When Katie Hawkins-Gaar becomes anxious her brain won’t shut up. It plays out the worst-case scenario on a continuous, lurid loop. The worry, the self-doubt and self-criticism all vie to be heard, and drown out hope of tuning in to thoughts that might bring peace or calm.
It can be miserable, and at its worst – about five or six years ago when the US journalist was working in a high-stress role at CNN – it was near constant.
Thankfully the Florida woman had another constant in her life: her husband, Jamie.
A coffee shop worker who dreamed of directing films, Jamie was better for Katie’s anxiety than anything else. As she explained during a recent CreativeMornings lecture series, “he talked me off the ledge when I was overwhelmed, he gave me a million reasons to laugh and smile… He was my number one fan, even when I felt like I was acting crazy.”
But on February 4, 2017, one mile from the finish line of his second-ever half-marathon, Jamie collapsed and died.
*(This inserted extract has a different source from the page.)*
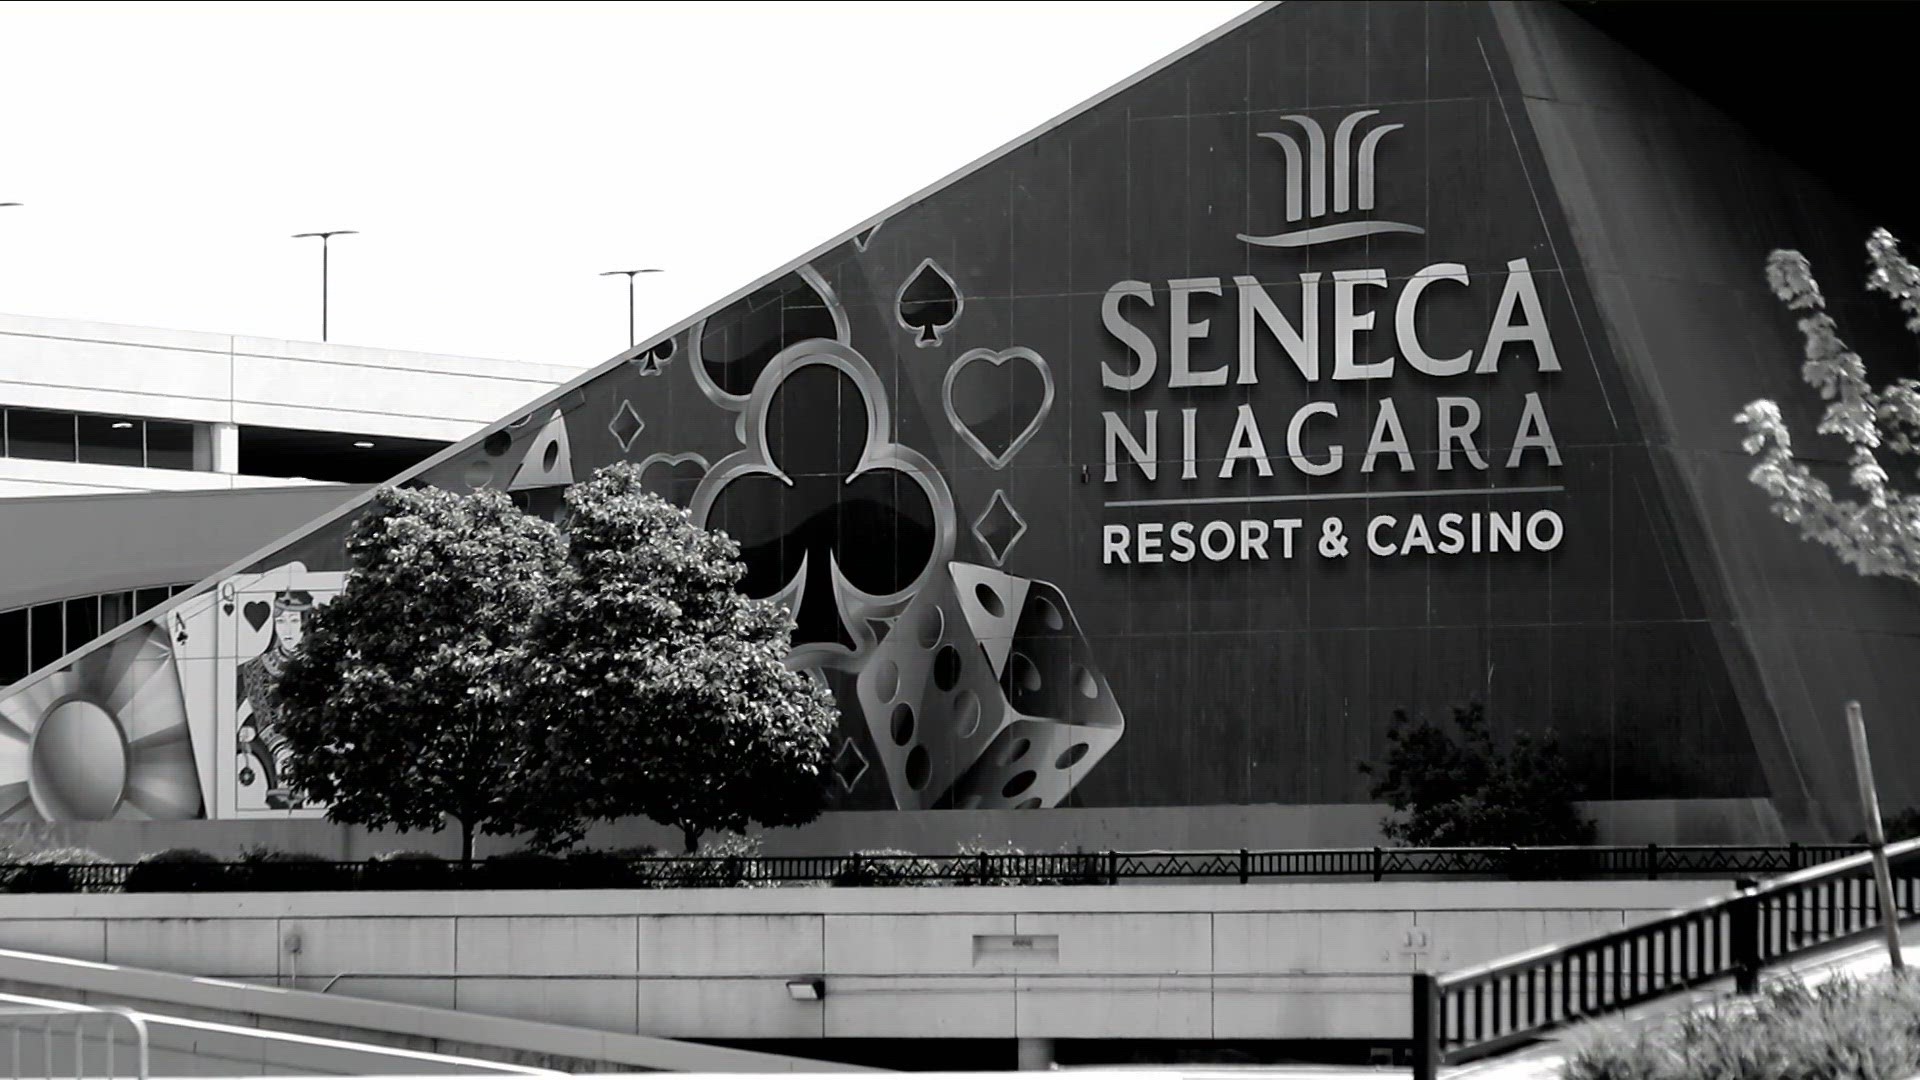 A proposed casino in Rochester is now off the table as the Senecas negotiate a new gaming compact

Katie and his loved ones would later learn that he suffered from a rare heart condition that would have been almost impossible to detect before the event. He was just 32 years old.
It was then that Katie’s anxiety collided with something similarly crippling: grief. Yet as she shares in a Q&A with Mamamia below, it’s through Jamie’s loss that she has finally learned how to manage her anxiety and start living again.
Tell us about your relationship with Jamie. What was it like to be with him?
He was the best husband — incredibly supportive, loving and always looking for ways to improve. We had a wonderful relationship that was built on a tonne of communication, love, respect and laughter.
At the time of Jamie’s death we had been married for eight years and were in the process of adopting a baby. He was super excited about becoming a parent; we talked about it all the time.
He would have been an incredible dad.
How has your experience of anxiety changed since his death?
When my anxiety was really bad a few years back, Jamie was my rock. He was great at helping me break down big things when I got overwhelmed, and could spot an oncoming panic attack a mile away. He would suggest things like bubble baths, walking our dog together, or watching a mindless movie. He was the best at helping me turn off my brain when it was running a mile a minute.
So you’d expect that when Jamie died, I’d be a total wreck. And I am, in a lot of ways, but not as much when it comes to anxiety.
When Jamie died, it was like something in my brain clicked and I finally realised that I could practice all those lessons that he taught me over the years. Now when I get overwhelmed or extra hard on myself, I try to stop and channel Jamie. What would he do for me in that moment? How would he talk to me?